Thanks to Will Richardson‘s recommendation, I recently read David Silver’s essay History, Hype and Hope: An Afterword. And like Richardson, I found the following paragraph quotable:
This is the writeable generation, a generation of young people who think of media as something they read and something they write – often simultaneously. This is a generation of content creators, a generation of young people who with the help of Web 2.0 tools know how to create content, how to share content, and how to converse about content. This is the generation for whom broadcast media – and its silent, obedient audiences – is rapidly fading and for whom conversations make more sense than lectures. This is a new generation with new writeable behaviors and it’s hard not to be hopeful about that.
Silver is interacting with university-level students, whom I can well believe are content creators.
I am wondering how I can help my high school students become the type of university / college students that Mr. Silver is encountering.
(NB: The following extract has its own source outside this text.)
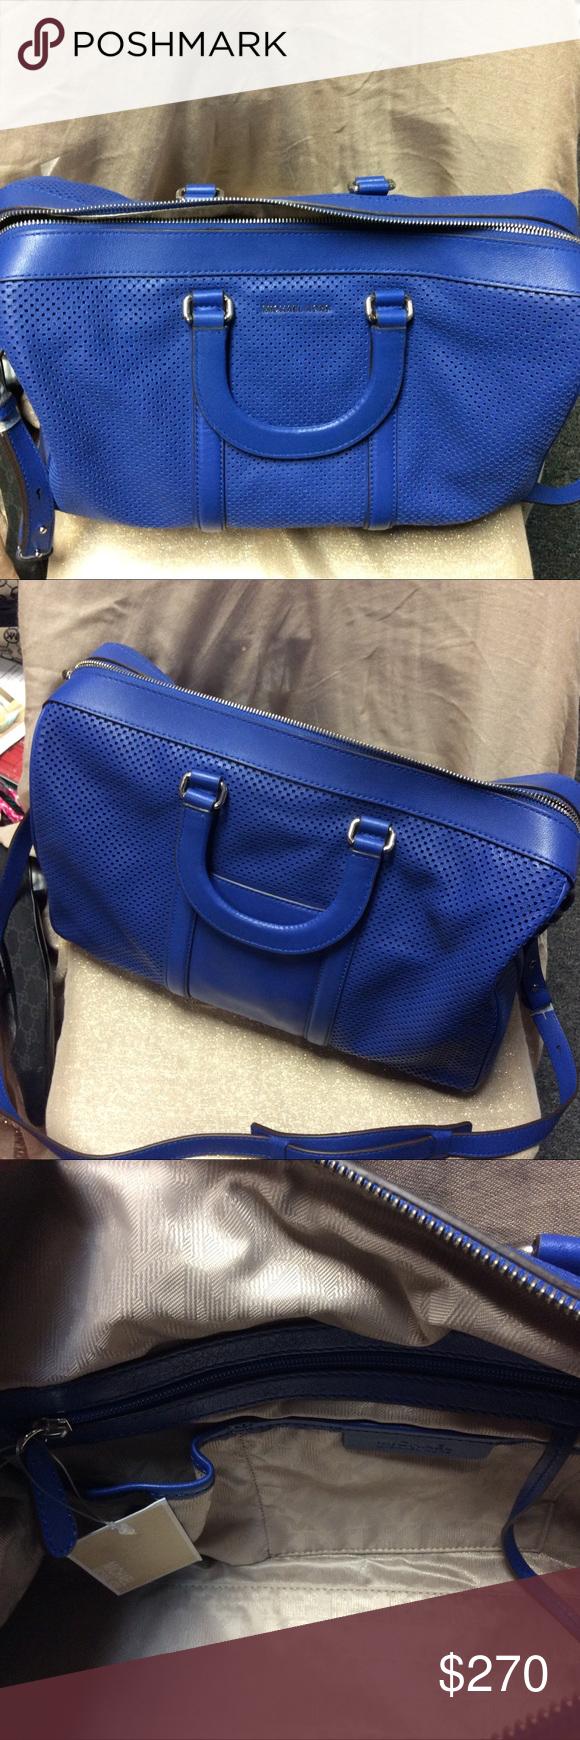 6cd3a6c7b4e9d4 Michael Kors BLUE LEATHER GYM BAG!! Michael Kors Libby Large Perforated  Leather Gym Bag

Right now I would have to say that few of my students are really using Web 2.0 apart from Facebook. And while Facebook does allow for some content sharing and conversation, and arguably content creation, it is the light version of it in my opinion.
So tonight I’m wondering how I can assist teenagers – many of whom don’t have regular internet access – find and work with content creation tools that suit them. I have to accept that some will want to use tools that I’m not personally working with, so what will be my criteria for allowing their use in the classroom? And how can I best support students in using tools that I am just learning myself?